“What about the nice guy theorem?” asks another man. “Nice guys finish last.”
“Not true,” Eastman says. “Those are just nice guys who don’t know how to market themselves.”
He continues to take questions until he runs out of space on the white board. Then he sets about answering them.
“What’s cool in the world of dating,” he tells the group, “is that no one’s ever telling you how they feel. They’re showing you.” He introduces “the orientation reflex.” That’s the move a person makes to orient toward what interests him—turning his head, for example. He insists that people orient toward us all the time, and we should learn to notice it. He talks about “pacifying gestures” we use to diffuse the anxiety of dating, how men rub their palms on their pants and women play with their fingers. He explains that many people do poorly on dates because they’re “emotionally incongruent”: What comes out of their mouths doesn’t match what shows on their faces.

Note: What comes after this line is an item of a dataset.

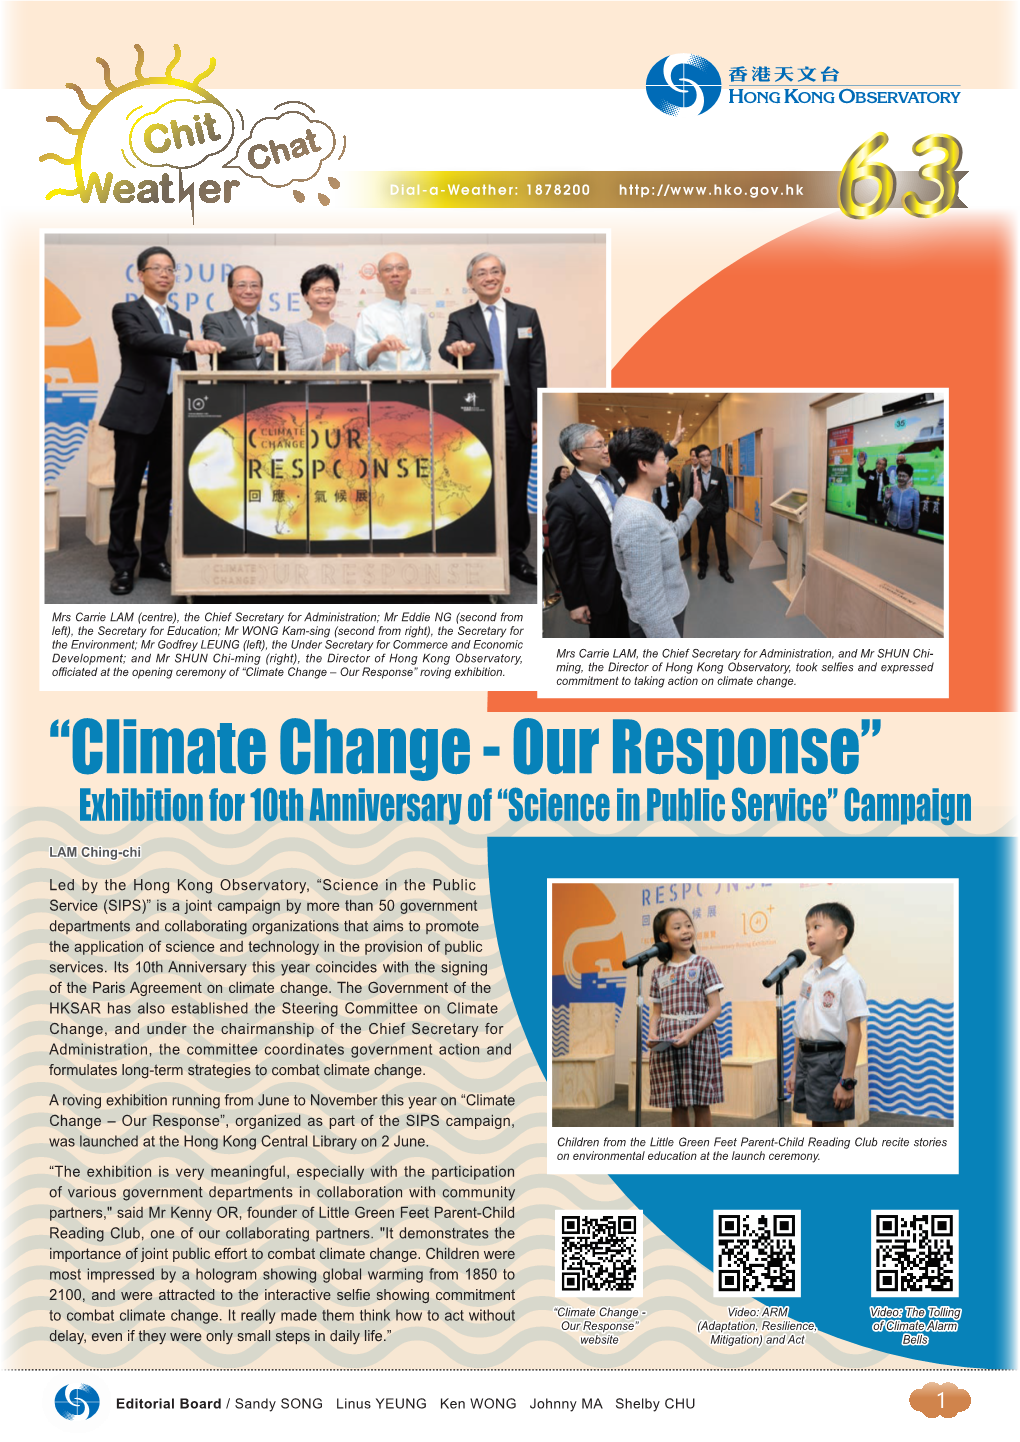 “Climate Change – Our Response” Roving Exhibition

He uses President Obama as an example: “During the debates, he’d say, ‘Mitt, I disagree with you,’ ” Eastman says, making a placid face. “Not, ‘Mitt! I disagree with you!’ ” Eastman says, changing his expression to an angry one. In that case, he explains, Obama came off as weaker than he meant to. But emotionally incongruent people can also come off as odd, and that can hurt them on dates.
So if they’re doing so many things wrong, how can discouraged daters improve their skills? “Video,” Eastman says. “You watch yourself on tape. Then you can change.” It might be a creepy move to set up a video camera on a first date, but Eastman will approximate the experience for you in his workshop by filming you talking to your classmates.
After the first hour, Eastman tells his students to get up and mingle. Everyone stands and starts moving around the room, wearing I-can’t-believe-we’re-all-sober smiles. I talk with one woman, an actress in her early 30s who grew up in Virginia and feels mystified by New York men. “Southern men are so different,” she says. “Here, I’m confused. I’m always horrible on the first couple of dates.” She’s taken two of Eastman’s classes with a LivingSocial coupon, and she believes they’ve made her more aware. She feels more comfortable and less compelled than she used to be to fill every moment of silence on a date. I talk with a computer programmer (I knew it!) who is here for the first time and says he’s benefiting from the class. “I don’t agree with everything Blake says. But he’s good.” I talk with another woman who says that meeting Eastman and his girlfriend has changed her whole life. She has new friends, a new job, a new outlook. She wears the dreamy gaze of a cult member. I meet another man who has taken a few of Eastman’s classes and seems similarly enamored. “He’s just so amazing,” he says.
After living in New York City for six years, I’ve met (sometimes as a seeker, more often as a journalist) my share of self-help gurus: diet experts, sex coaches, life coaches, career coaches, a man who believes he can make anyone a millionaire, an older woman who wants to fill up Madison Square Garden with young women and preach against premarital sex, an angry meditation teacher who demands $2,500 for meditation classes. And all of them, even the angry meditation teacher, have disciples—people who think this guru must be the path to happiness; on the guru’s website, they’ll write testimonials: I don’t know where I’d be without him.
But Eastman seems far more sweet than parasitic: While we were waiting for his students to arrive, he gushed about his girlfriend, whom he met in one of his classes. “Most people don’t communicate,” he says. “My girlfriend and I are completely transparent. We have the best relationship I’ve ever seen.” He talked about how great his friends are, how supportive his parents are. When I asked him what learning nonverbal communication has done for him, he answered, “I don’t know where I’d be without it.” Eastman doesn’t give the impression that he aims to gather admirers but rather that he yearns to help people feel as comfortable as he’s learned to feel. “Communication is the most important part of relationships,” he says. “I want people to learn to communicate.”
Later in the night, the group engages in a second mingle. This time, they seem more relaxed. Still, Eastman has tips: “You were playing with your fingers behind your back,” he tells someone.
“And you,” he tells another student, “have a low blink rate. Guess who else has that? Me. And you know what happens if you stare at people without blinking? They’re gonna think you’re creepy.”
And then, some advice we could all use: “You look upset,” he tells one of the computer-programmer types. “Come on!” he says with a smile. “Relax.”